O homem encarou Ethan com um olhar sério, mas prosseguiu.

— Só preciso que assine aqui, Ethan — disse o homem, entregando-lhe um papel.

— Cuide deles assim como meu pai cuidou. — Ethan assinou o papel de transferência de liderança.

Por mais que fosse um mundo desregrado, Aslan fez questão de tornar sua comunidade o mais democrática possível.

— Pode deixar. Cuidarei da sua irmã como se fosse minha filha.

Ambos se levantaram e deram um aperto de mão. Eles se retiraram da sala em seguida.

Ella veio correndo na direção de Ethan com um sorriso entusiasmado em seu rosto.

— O que vocês estavam conversando lá dentro?

— Sylvaro é o novo líder da comunidade. Eu irei embora.

A expressão entusiasmada de Ella em segundos se transformou em decepção.

Novamente, mais uma pessoa importante para Ella a deixaria. A garota clamou para ir com seu irmão. No entanto, ele friamente recusou, usando duras palavras:

— Não tem porque você vir comigo. Você não é forte o suficiente, continue treinando até que não se restrinja a nenhum limite, e, mesmo assim, você ainda não estará pronta para ir até Rubra. Seu psicológico é fraco e você é uma garota muito bondosa. Você só me atrapalharia. Eu preciso ir, Ella, isso está me consumindo de dentro para fora, eu preciso... eu preciso descobrir o que aconteceu com nosso pai — disse Ethan, expressando tudo o que estava sentindo em suas palavras.

Ella o olhou tristemente, mas em segundos seu olhar se transformou em um sorriso.

— Me promete que não irá morrer até nos encontrarmos novamente em Rubra. Eu te amo muito, Ethan — disse Ella de forma doce, enquanto abraçava seu irmão.

Mesmo segurando, ele não conseguiu conter suas lágrimas.

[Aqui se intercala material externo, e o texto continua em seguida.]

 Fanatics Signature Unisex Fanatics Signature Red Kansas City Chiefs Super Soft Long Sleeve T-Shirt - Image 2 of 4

Após a despedida de Ethan, a liderança do Pináculo das Montanhas Brancas foi passada para Sylvaro, um antigo amigo de Aslan. Mesmo ele sendo o atual líder, não conseguiu garantir com que a comunidade prosperasse novamente.

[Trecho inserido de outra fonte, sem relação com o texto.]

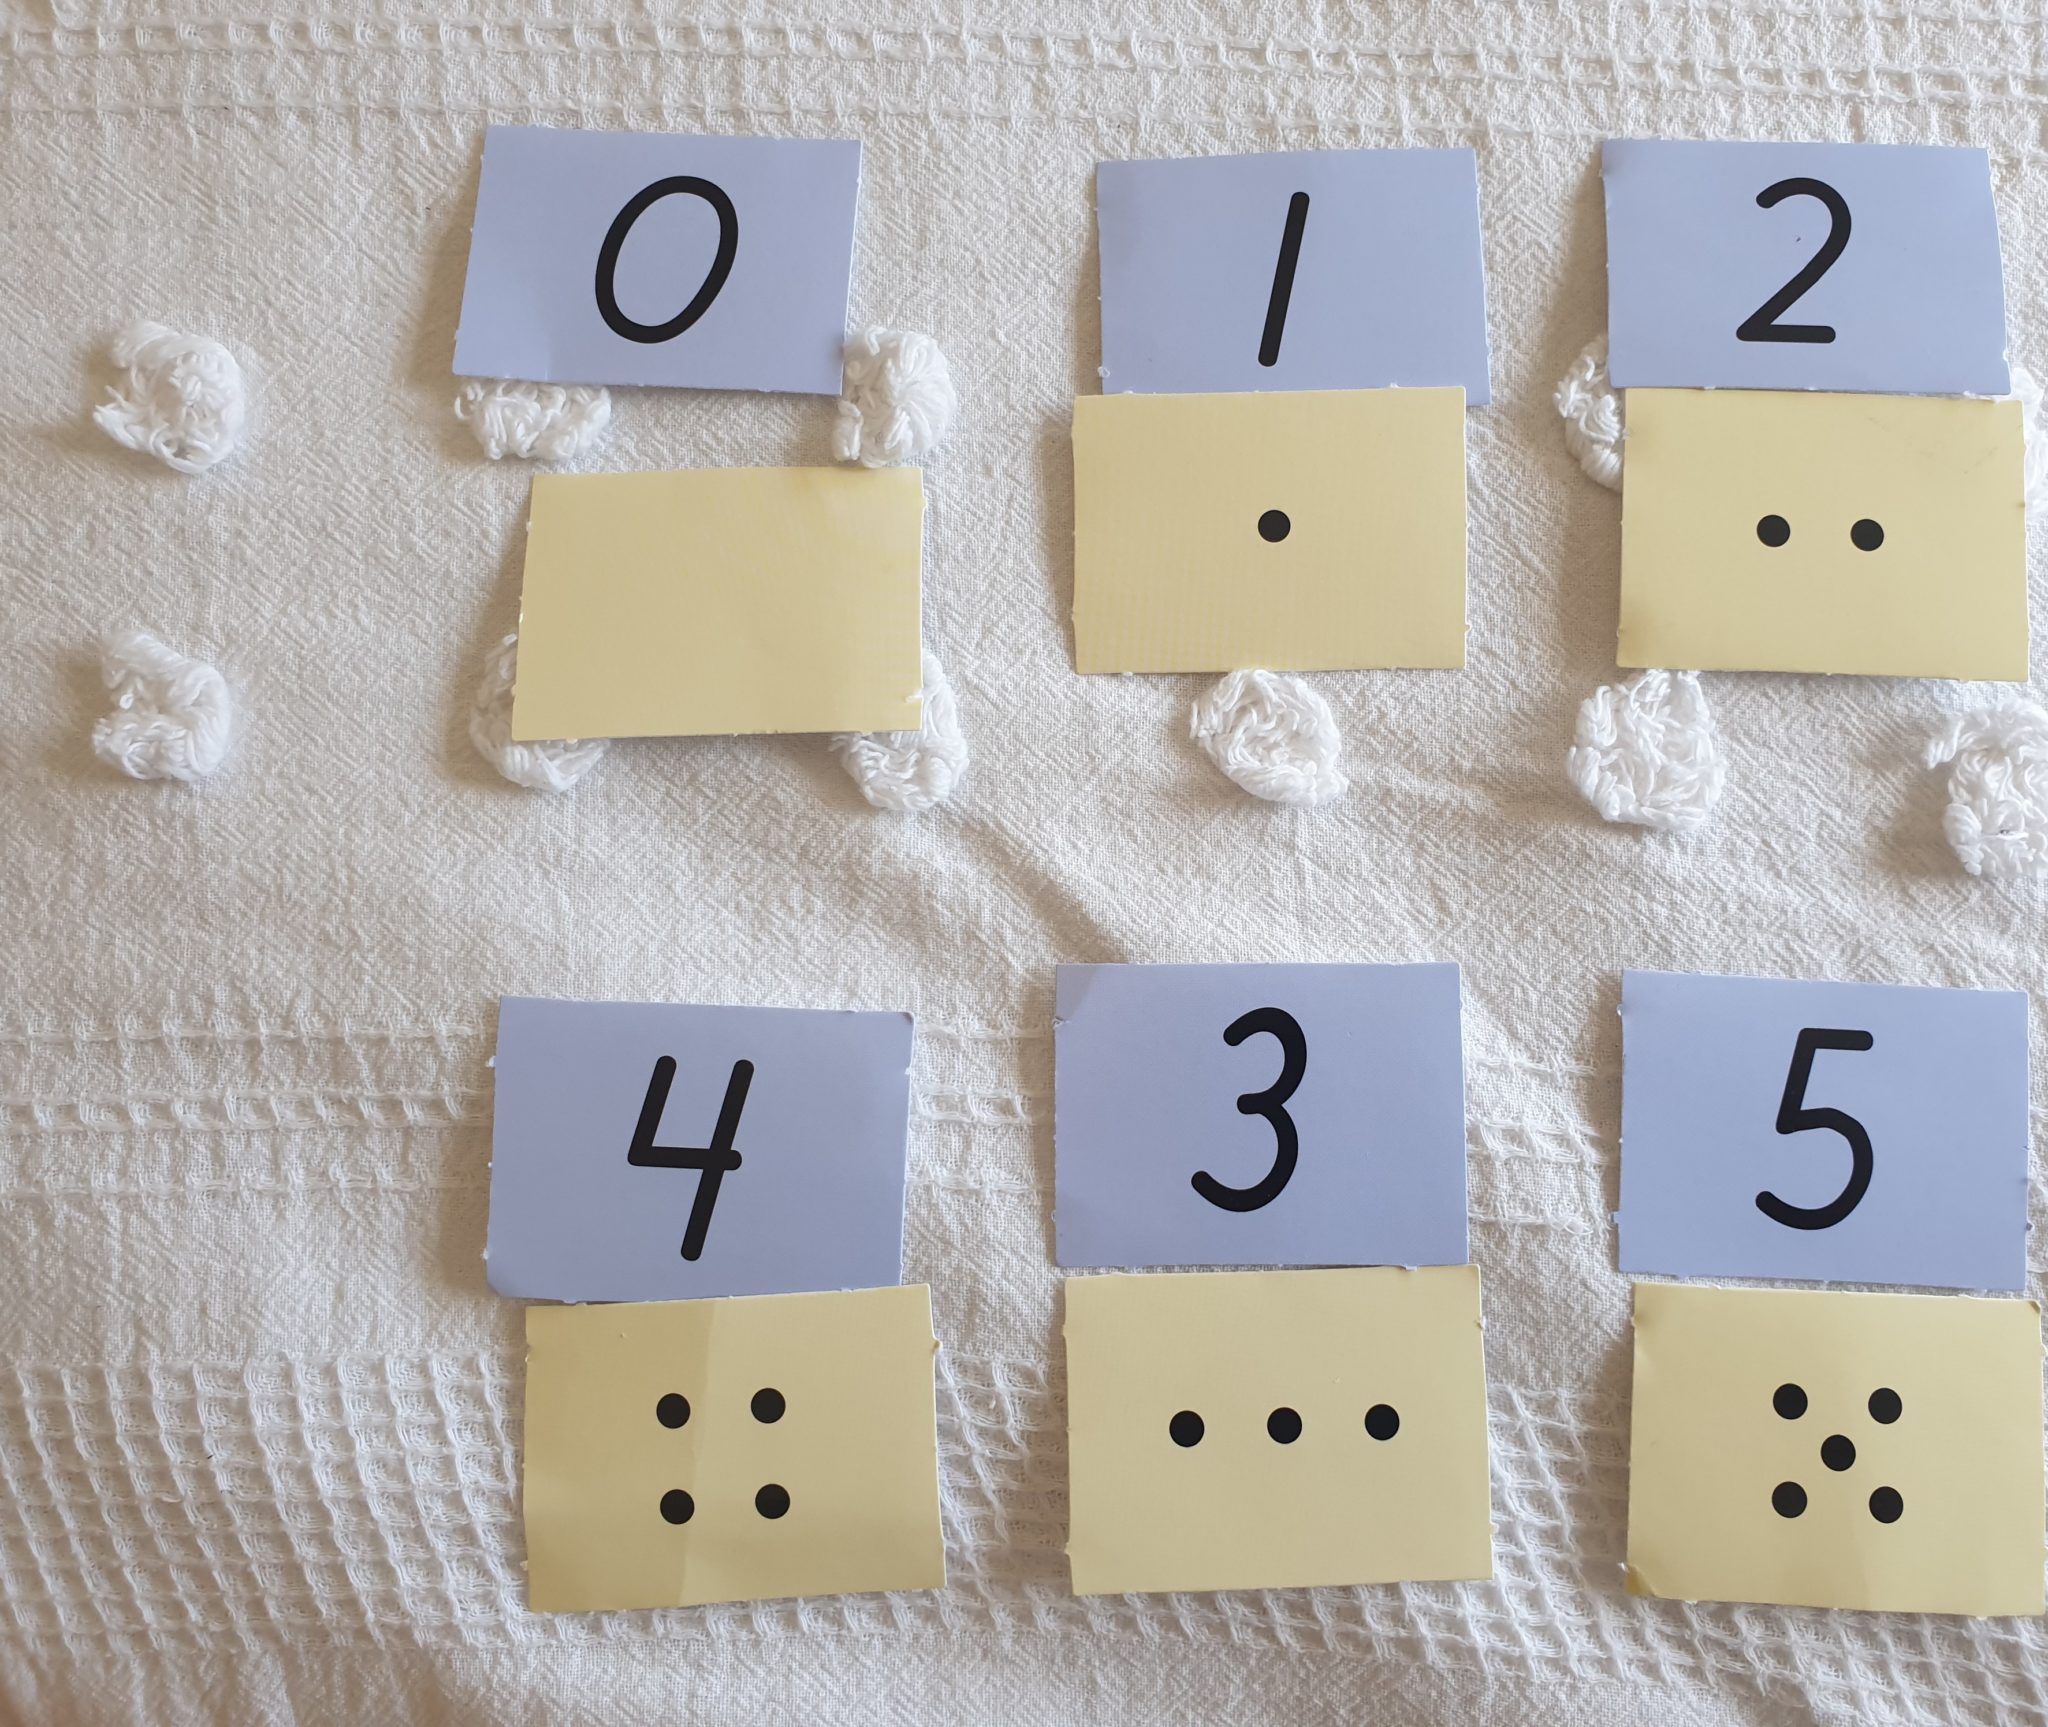 BJU Press Online Math Student Manipulatives Packet dot cards and number cards.

Ella percebeu o destino que todos ali estavam fadados. As duras palavras que seu irmão disse antes de partir a motivava diariamente.

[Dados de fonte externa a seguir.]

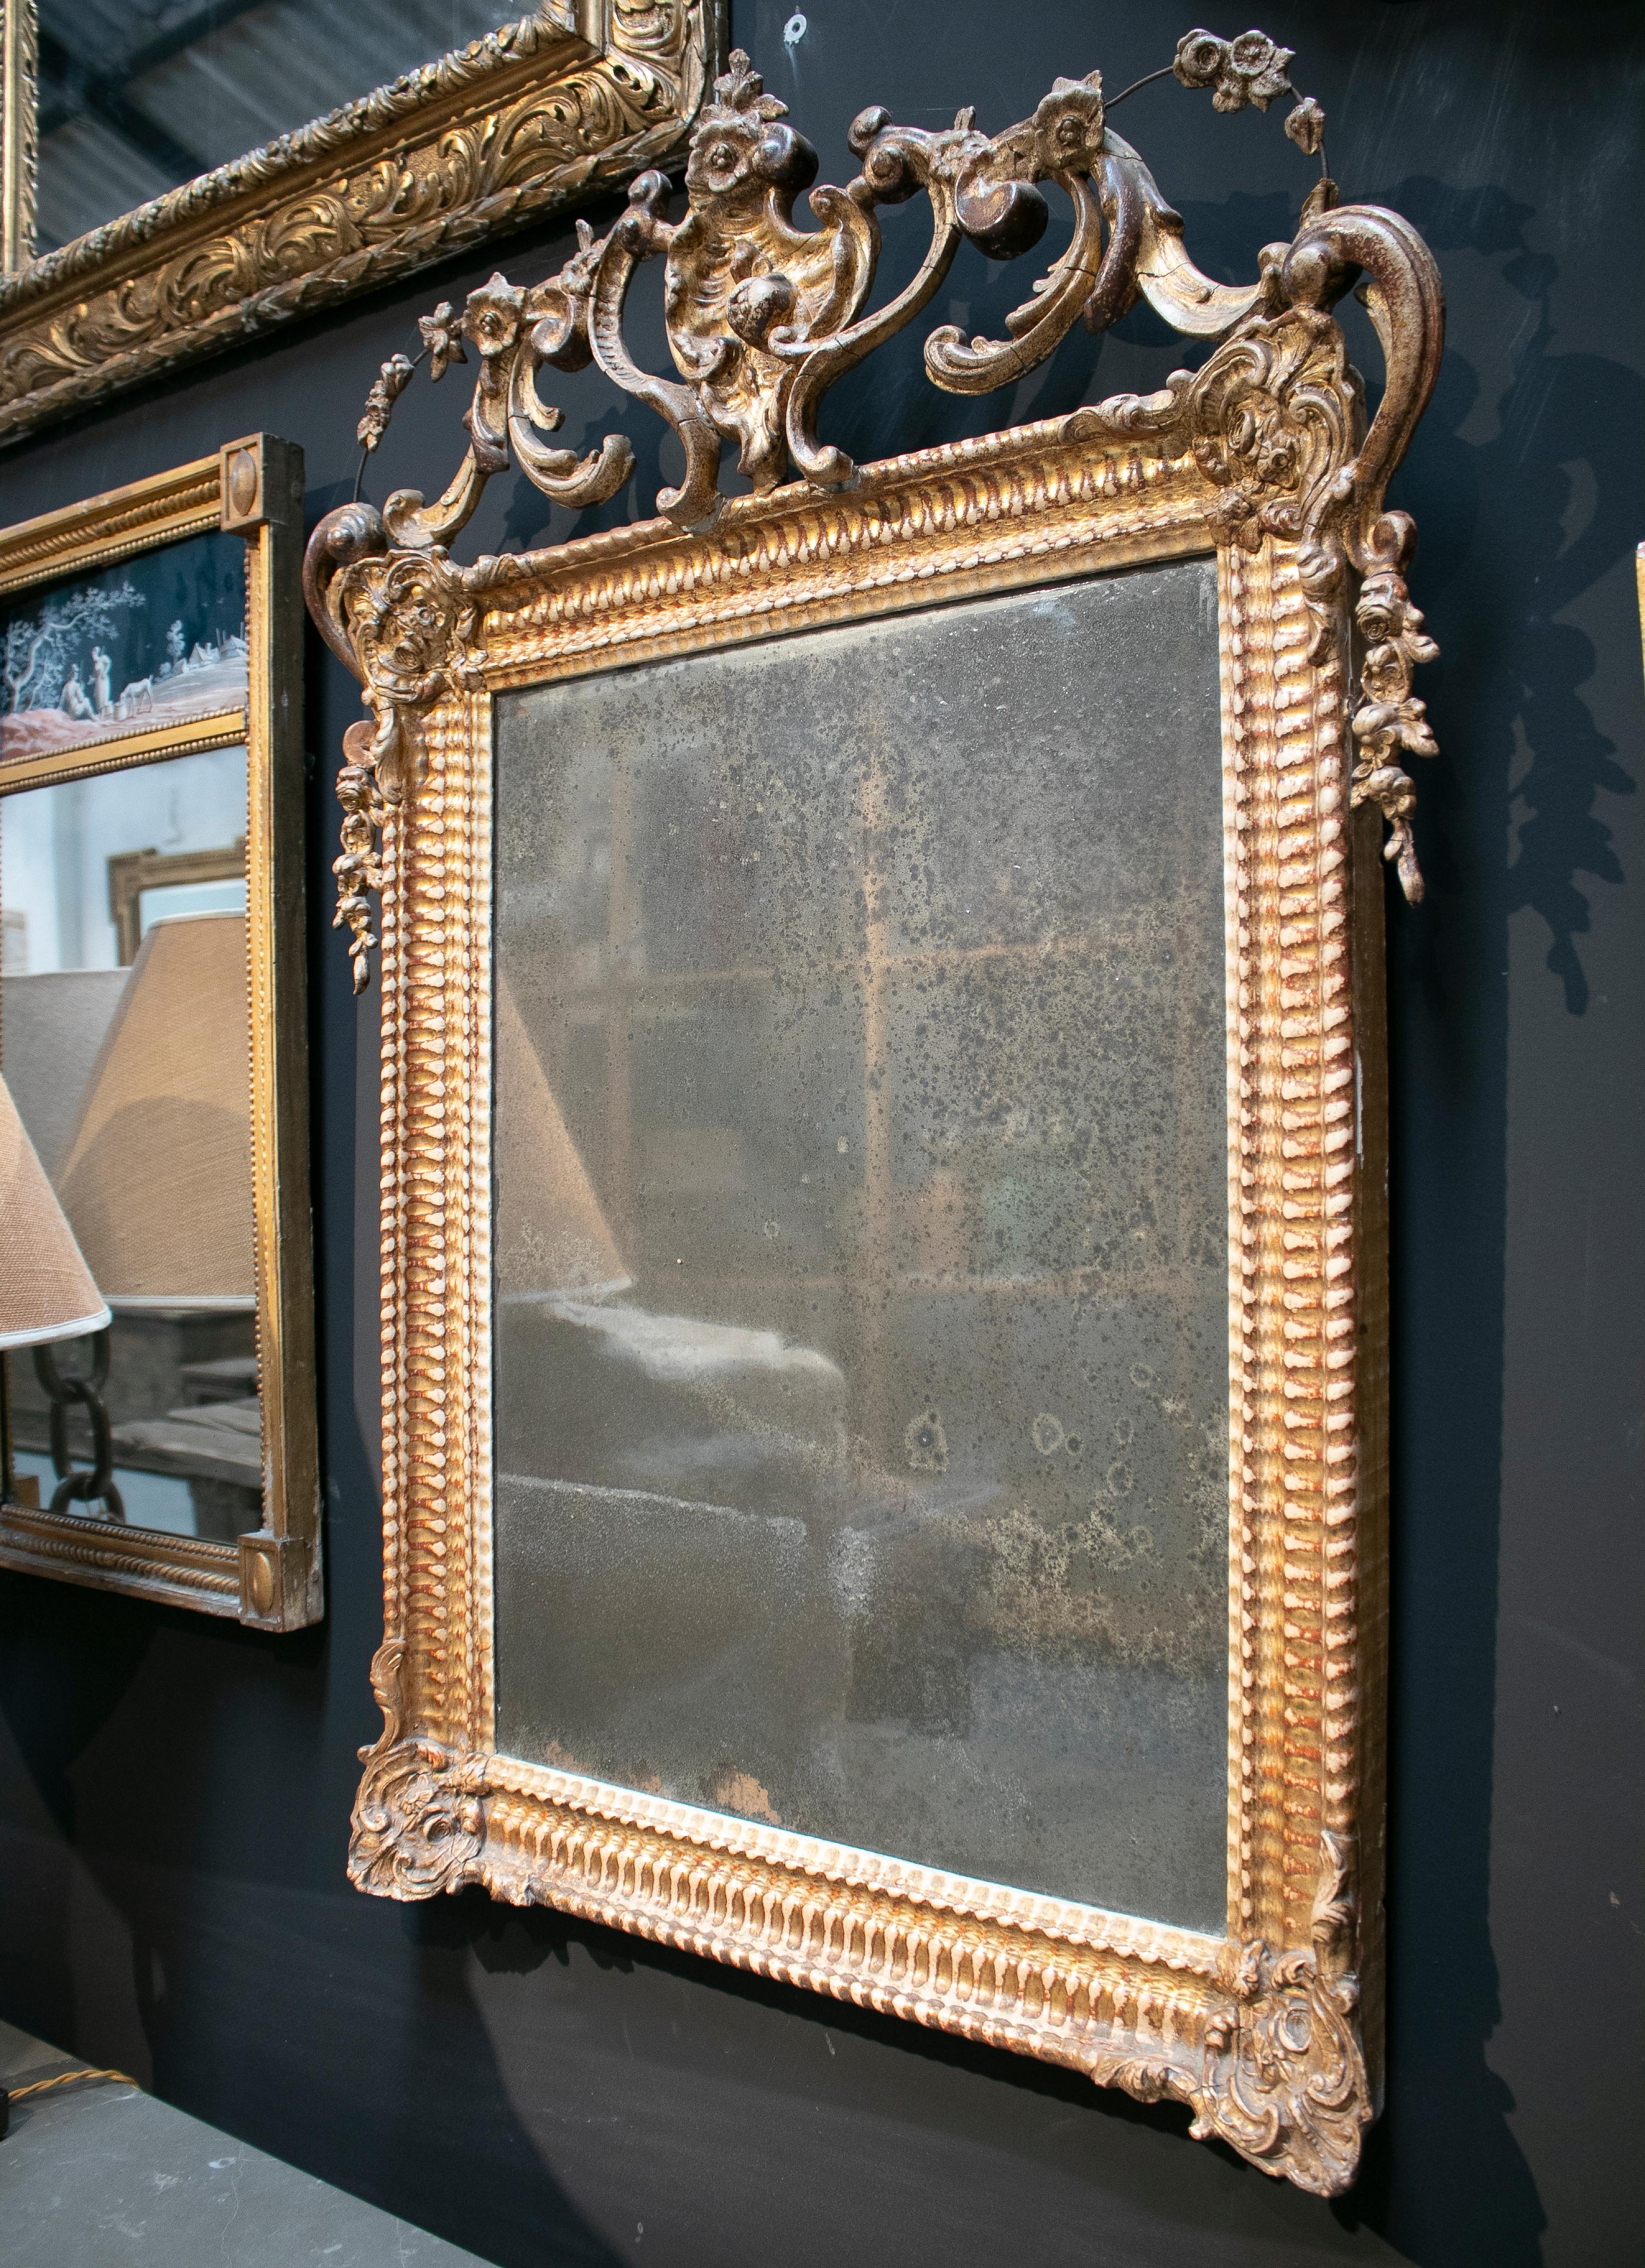 19th century Spanish Isabellin rococo golden mirror.

Ela treinava todos os dias, debaixo das chuvas congelantes, ou do sol escaldante, estando doente ou saudável, nunca deixou de treinar um único dia. Precisava superar seus limites, para que, quando fizesse dezoito anos, estivesse mais forte do que nunca.

Após quatro longos anos de espera, finalmente chegou o dia pelo qual tanto ansiava: estava preparada para ir até as Ruínas de Rubra. Ou, ao menos, era isso que acreditava.

Quando o portão das muralhas foi aberto, Ella pôde sentir a brisa do vento tocar seu rosto e balançar seus longos cabelos loiros. Essa era a liberdade que sempre almejou.

No entanto, à medida que se aproximava das ruínas, Ella começou a sentir um frio percorrer sua espinha. Ela sabia que estava pisando em solo sagrado, onde lendas antigas e segredos proibidos estavam enterrados há décadas.

Será que ela realmente estava pronta para enfrentar o desconhecido e descobrir o que se escondia nas profundezas das ruínas?

Com um suspiro profundo, Ella sacudiu a cabeça para afastar as dúvidas. Ela tinha treinado e se preparado diligentemente para esse momento e nada a impediria de prosseguir.

Com a determinação renovada, ela avançou em direção às ruínas, pronta para enfrentar o que quer que aparecesse em seu caminho.